Photo: Thomas Nilsen

Big carbon footprint makes Norway a fading star in UN Human Development ranking

The Nordic country that has topped the UNDP's Human Development Index for years is falling behind when it comes to climate standards.
December 15, 2020


For three decades, Norway has been a leading star in the annual reports issued by the UN Development Programme (UNDP).

But this year, the country that is backed by an oil-fueled economy, looses significant ground in the publication following the UN body’s inclusion of standards for so-called planetary pressure.

In his introductory comments to the report, UNDP Administrator Pedro Conceição underlines that serious energy transition and cuts in climate gas emissions is direly needed.

The report that is titled The Next Frontier calls for countries to significantly reduce pressure on the planet by easing material footprints

“Humans have achieved incredible things, but we have taken the Earth to the brink,” Conceição says. “Climate change, rupturing inequalities, record numbers of people forced from their homes by conflict and crisis—these are the results of societies that value what they measure instead of measuring what they value,” he adds.

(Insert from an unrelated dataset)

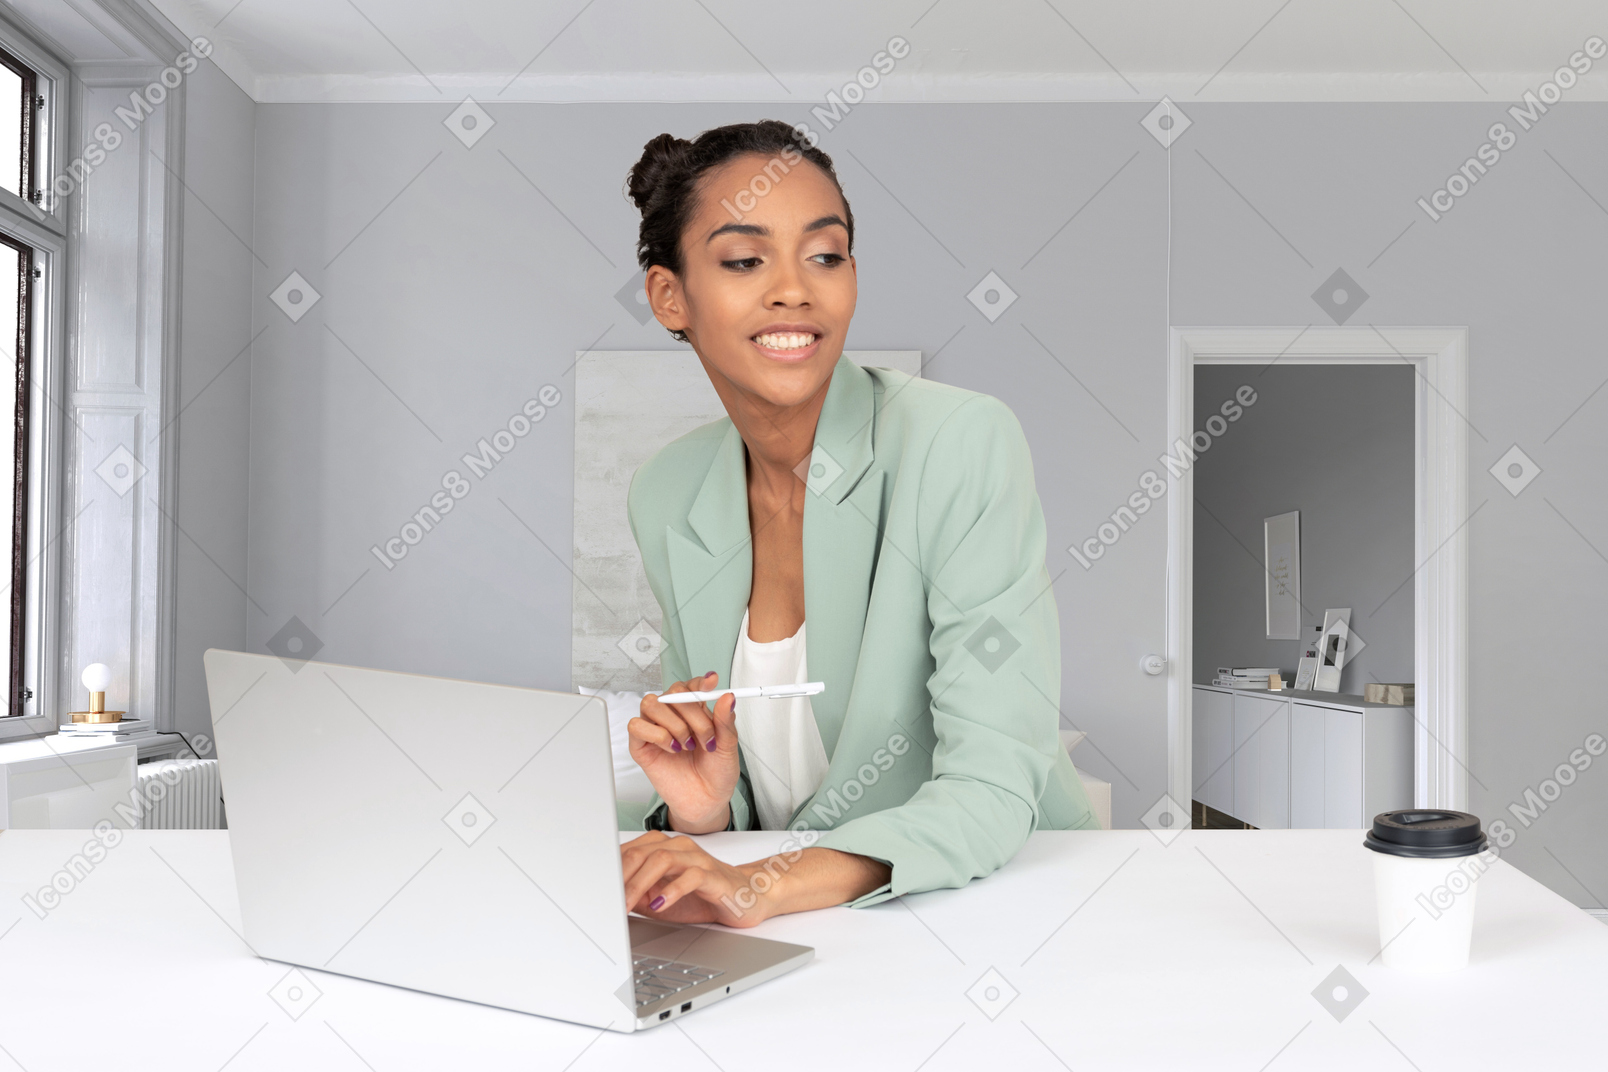 A woman sitting at a table with a laptop

“Advancing human development while erasing such planetary pressures is the next frontier for human development, and its exploration lies at the heart of this 30th anniversary edition of UNDP’s Human Development Report,” the UNDP leader underlines.

New development standard

In the so-called Planetary Pressures-Adjusted Human Development Index (PHDI) Norway ends up in the 16th position of 185 countries.


The country is still on top of the regular Human Development Index (HDI) that includes life expectancy, schooling and per capita income.

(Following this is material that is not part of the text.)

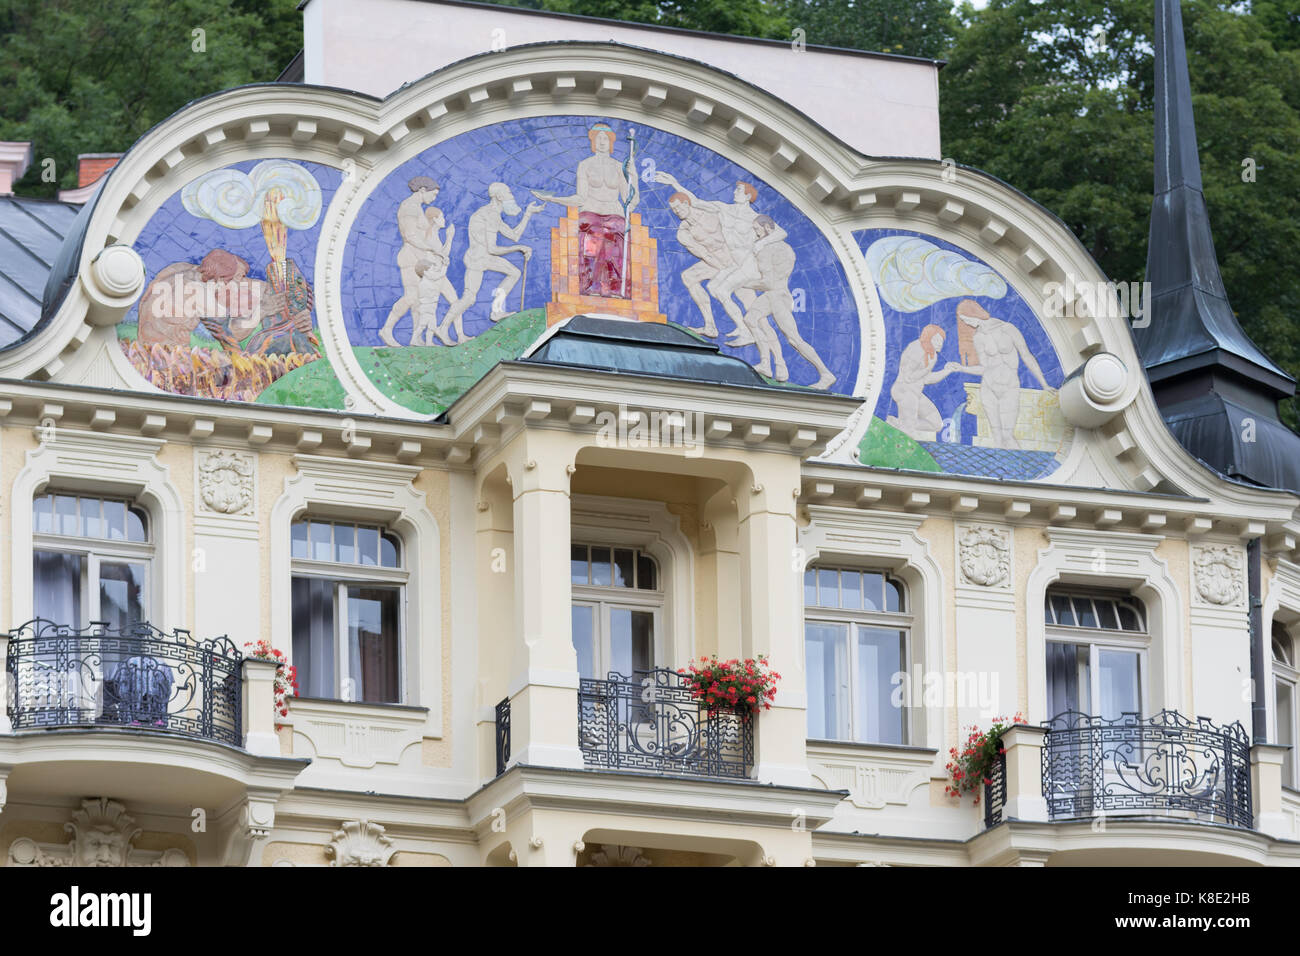 Karlovy Vary, Czech Republic - August 15, 2017:Detail of a condominium with two windows overlaid by a colorful mosaic Stock Photo

However, with the UNDP’s growing stress on issues of planetary pressure, Norway is unlikely to make it back to the top of the list any time soon. The country’s oil production will in 2020 be the highest in a decade, and a big number of new exploration blocks in the Barents Sea are now opened for oil companies.


Norway is not the only country that is making a significant slide down the ranking. Also neighboring Finland is seeing a big drop when issues of planetary pressure are included. Finland is number 30 in the adjusted index, compared to number 11 in the regular ranking.

As a matter of fact, of the more 60 highest ranked human development countries, only 10 are still classified as very high human development when it comes to the PHDI.

Among the few exceptions is Sweden, which is the by far best Nordic country in the new index. The country is the 6th best in the PHDI, one place higher than the regular HDI.

Devastating fossile fuels

The new development standard is calculated as the arithmetic mean of indices measuring carbon dioxide emissions per capital, the report explains.

Key issue is the countries’ energy transition away from fossil fuels, as well material footprint per capita

A country’s material footprint measures the amount of material extracted to meet domestic final demand for goods and services, regardless of where extraction occurs. That includes biomass, fossil fuels, metal ores and nonmetal ores.

If a country puts no pressure on the planet, its PHDI and HDI would be equal, but the PHDI falls below the HDI as pressure rises, the UNDP explains.